JUST KEEP PUMPING

City AM  is worth a glance should you come across a not-too-soggy copy outside your local railway station. It’s aimed at aspirant but none too bright city workers and offers them on their now less frequent commute to the office lots of jargon-rich financial gossip. It doesn’t often stray into anything with a time horizon exceeding six months; and, like most financial reporting, it’s obsessed with the immediate effect of central bank misdirected attempts to manage inflation and includes a large dose of snake oil around new financial jargon and technology. There is, for example, a whole page in the edition on Monday, 13 May, on what might best be described as crypto-jargon.

City AM typically ignores the climate crisis except when it has some short-term effect on share prices. Thus in the same edition it reports Barclays Bank’s huge investment  in oil extraction but only as an issue which might affect their share price by upsetting nominally ‘ethical’ investment fund managers, not as criminally irresponsible behaviour. Another article in the same edition entitled  ‘Climate change isn’t a culture war, either we all win or we all lose’ might therefore be seen as a welcome departure from this short termism. A closer examination of this article dashes this hope.

The author of the article is Frances Lasok. She describes herself as a ‘freelance writer’ but is,  in reality, a Tory campaign manager, failed local government candidate and parliamentary hopeful, although her prospect for the last form of employment will have been adversely impacted by the current Tory meltdown. In her article, she recognises, contrary to the typical City AM line,  the seriousness of the climate crisis but then argues that “we are all in it together” and can be addressed with unspecified policies that are “necessary and fair”.  She criticises  environmental campaigners like Just Stop Oil for implying that the crisis largely affects the poor or, as she refers to them “people who don’t pay the bills” . She exhorts us to “support policies that incentivise rather than punish, unite rather than split and focus on the collective challenge”.  She doesn’t specify what these policies are  –  “Just Keep Pumping” perhaps?

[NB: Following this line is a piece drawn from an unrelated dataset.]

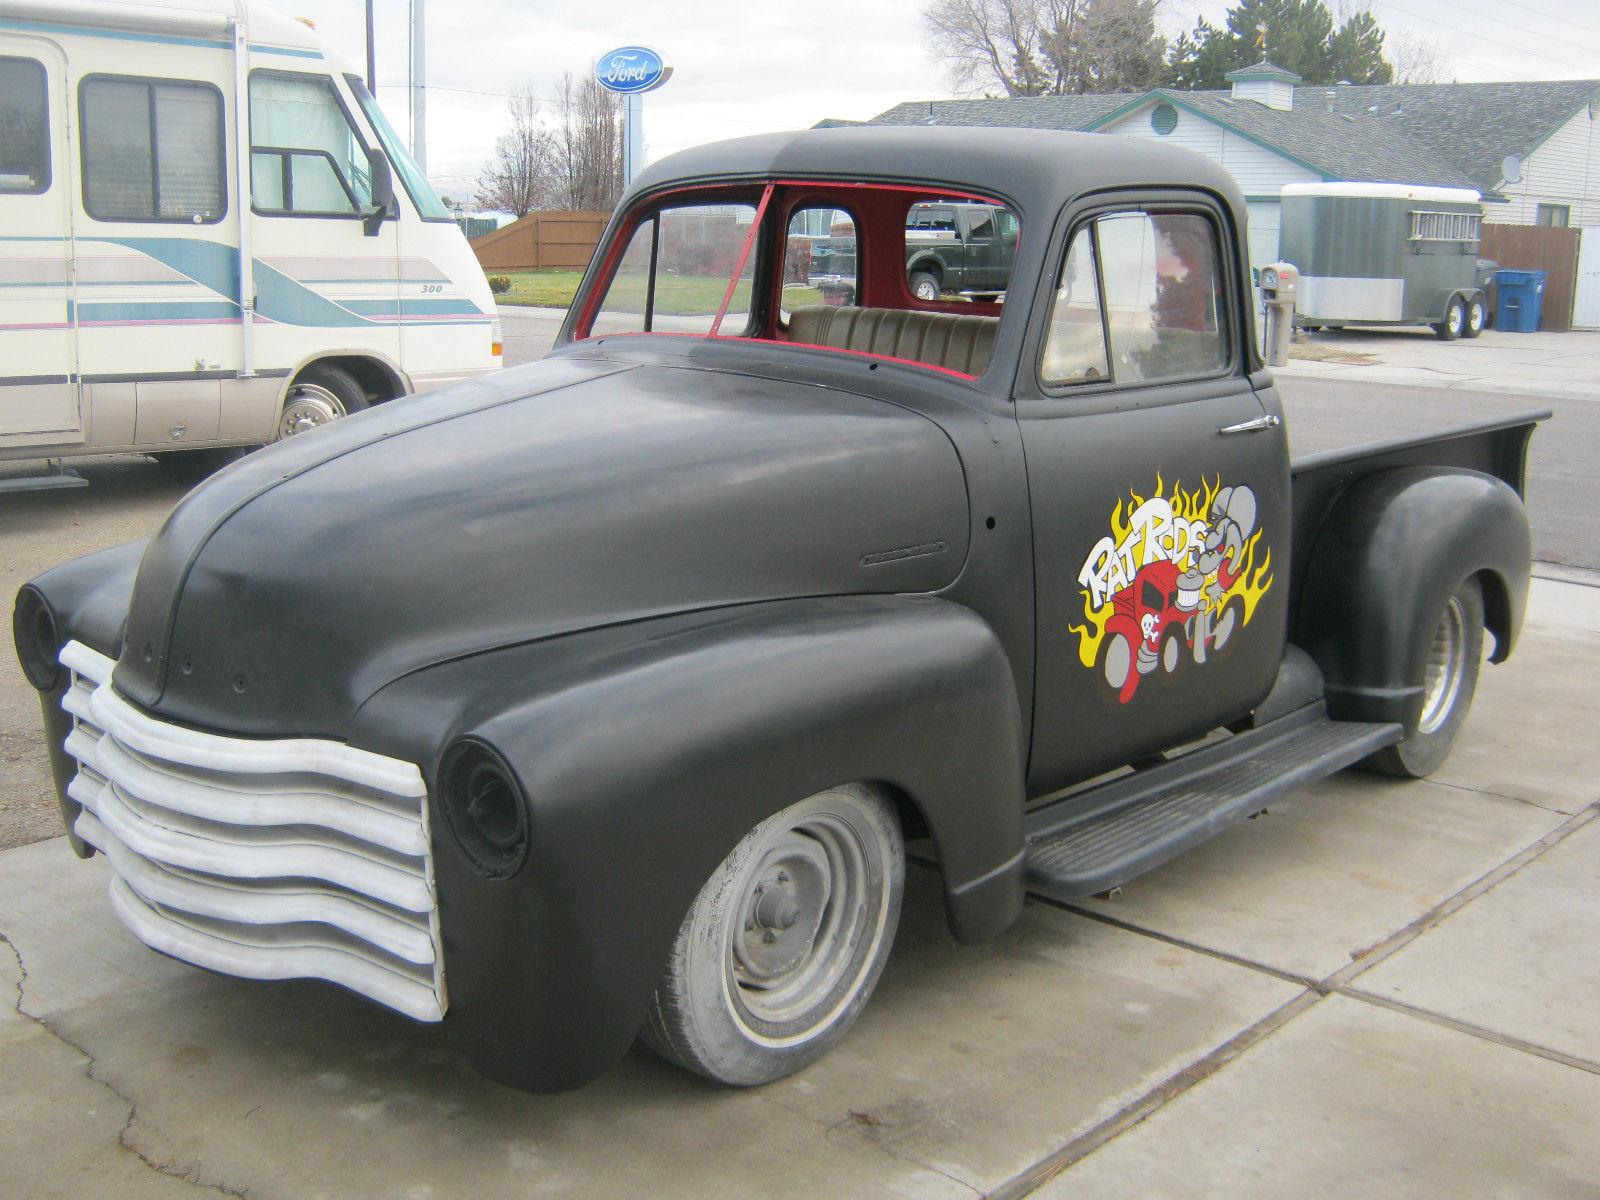 1952 Chevy Short Bed Pick Up Truck Custom Build Rat Rod Hot 1951 Chevrolet
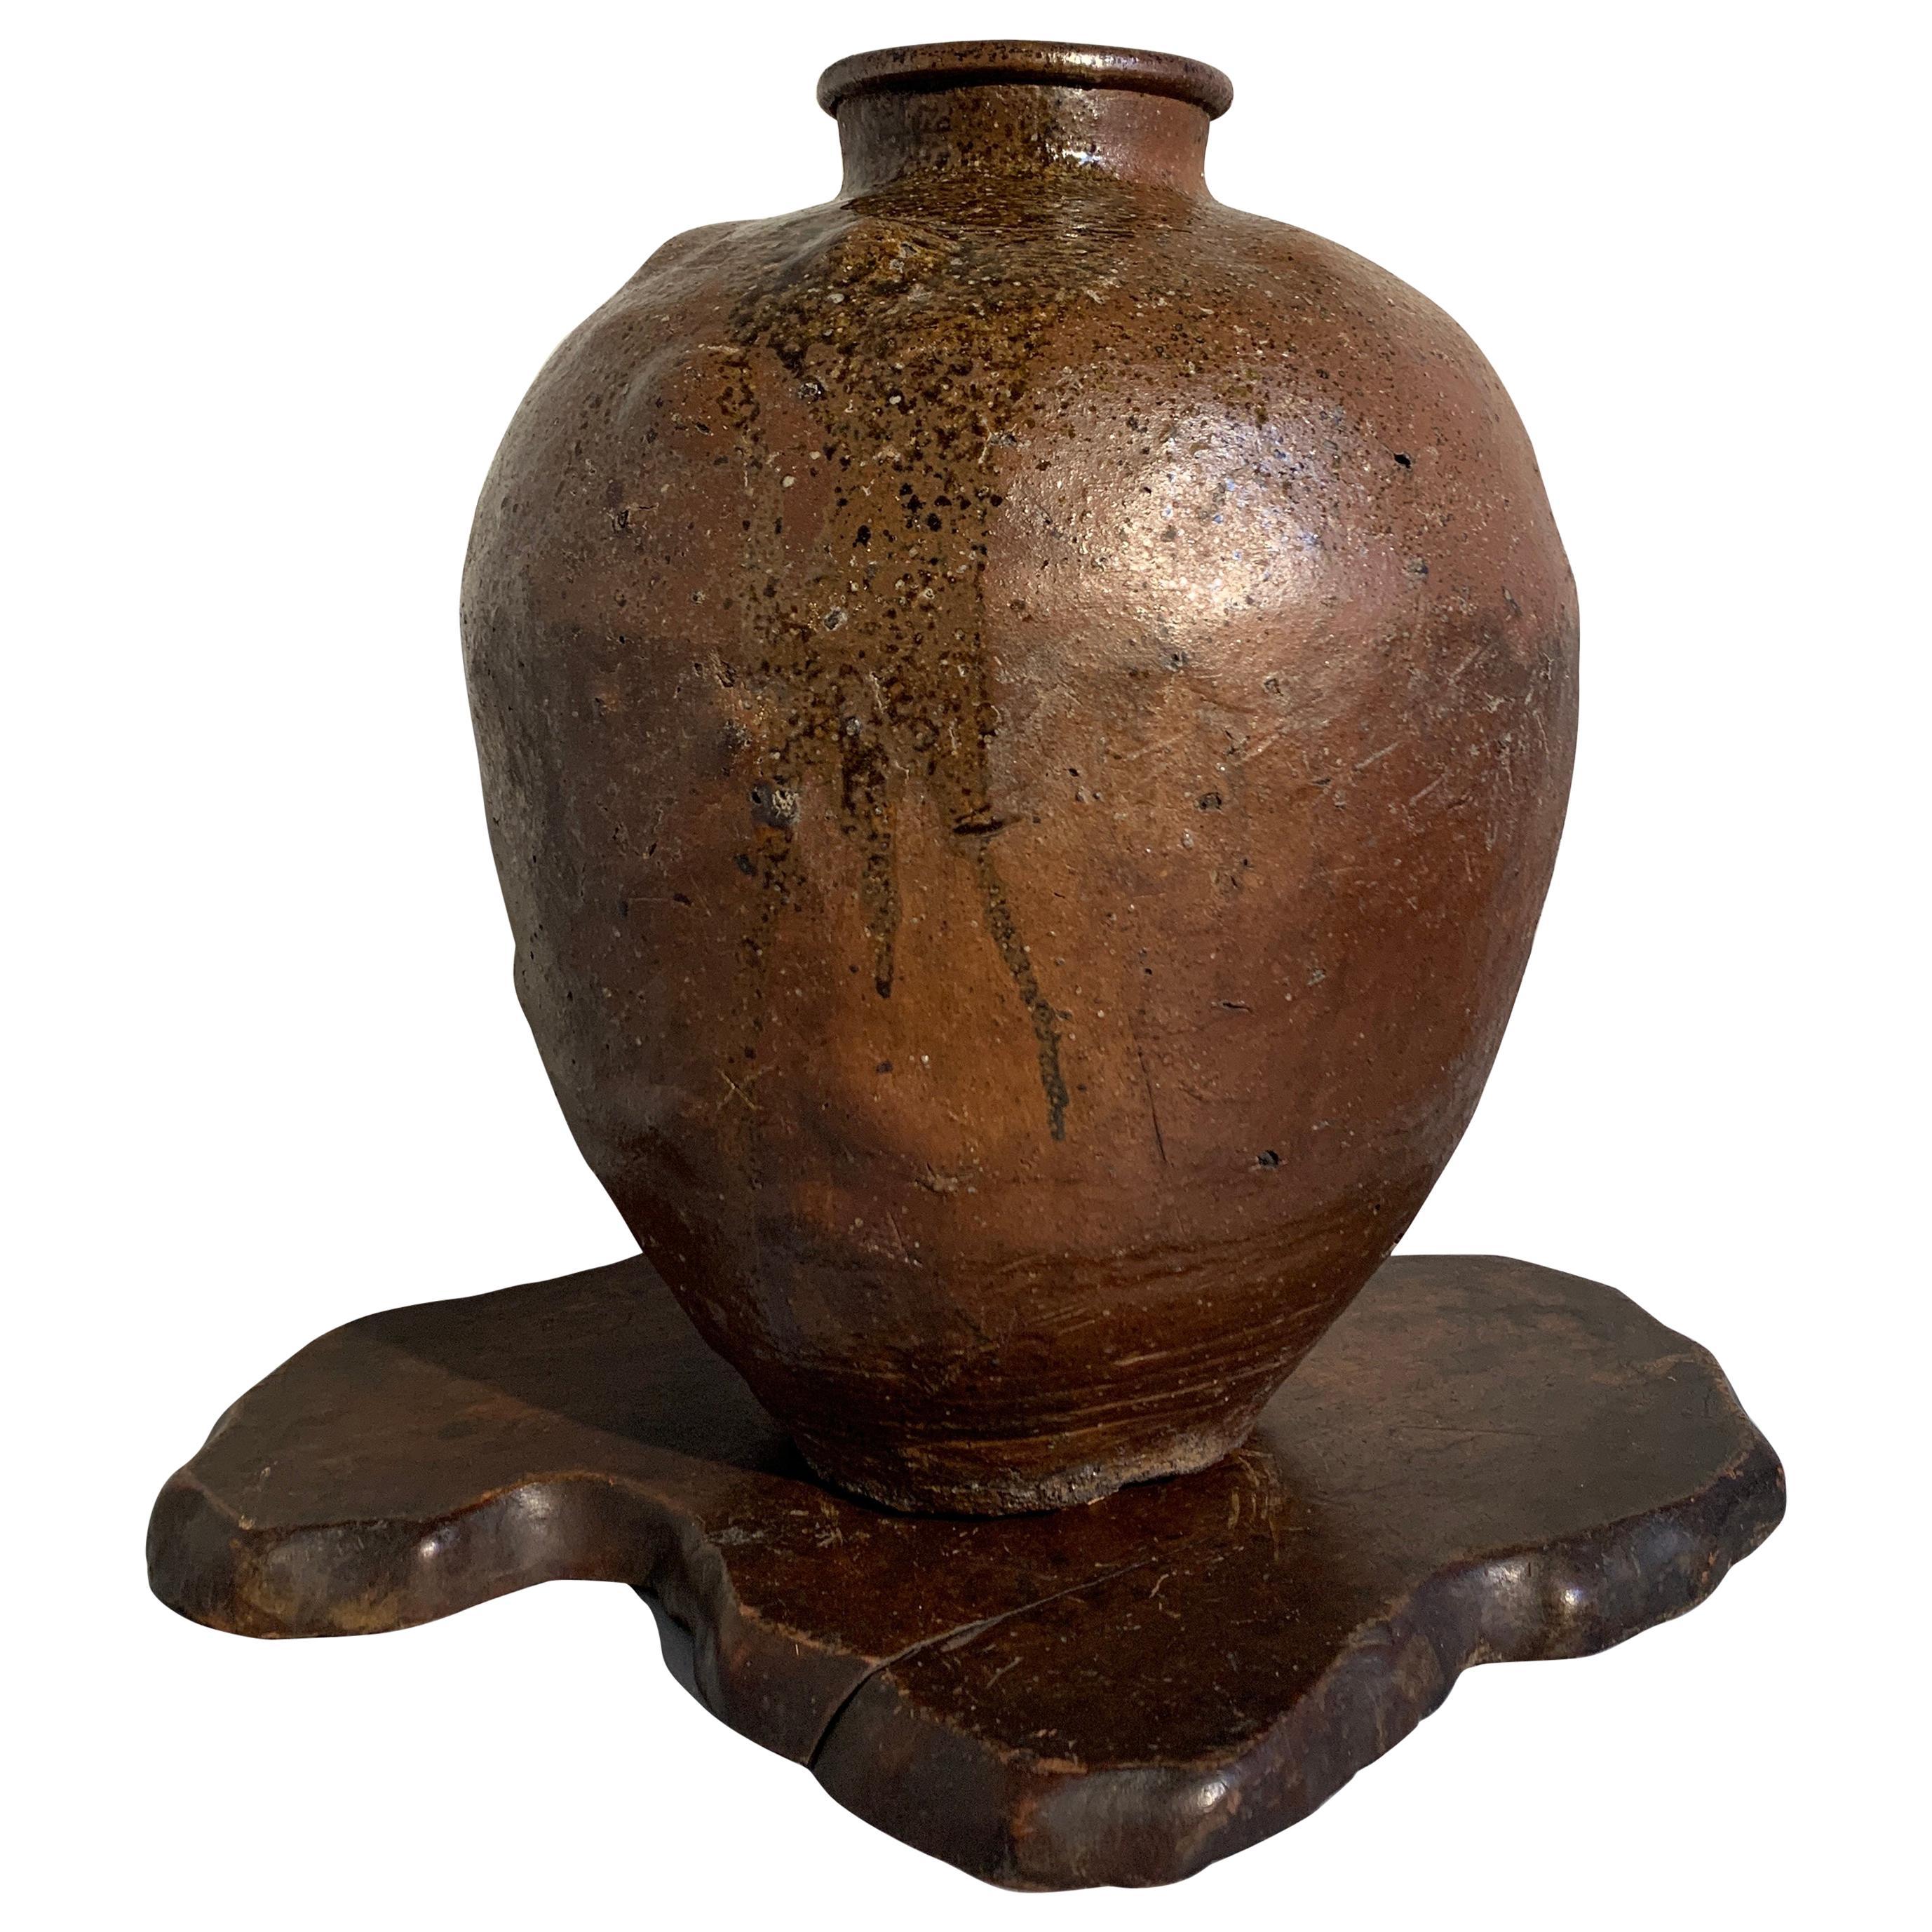 Japanese Shigaraki Large Storage Jar, Tsubo, Muromachi to Edo Period, circa 1600

Just Stop Oil’s tactics might be questioned, but not their goal. Fossil fuels have to  be kept in the ground if the climate crisis is not to engulf the world. To deny that the climate crisis  is a class issue is to overlook that the 0.1% , buffered by AI and their huge, accumulated wealth, will confidently expect to survive it for centuries. Meanwhile, the 1%, cocooned in the ethos of short-termism promoted by City AM,  will mistakenly hope to share in this outcome. Meanwhile, the rest the world’s population faces the prospect of extinction. Just Stop Oil, other environmental campaigners and the CP will continue strive, in their different ways, to organise and call for the climate crisis to be addressed.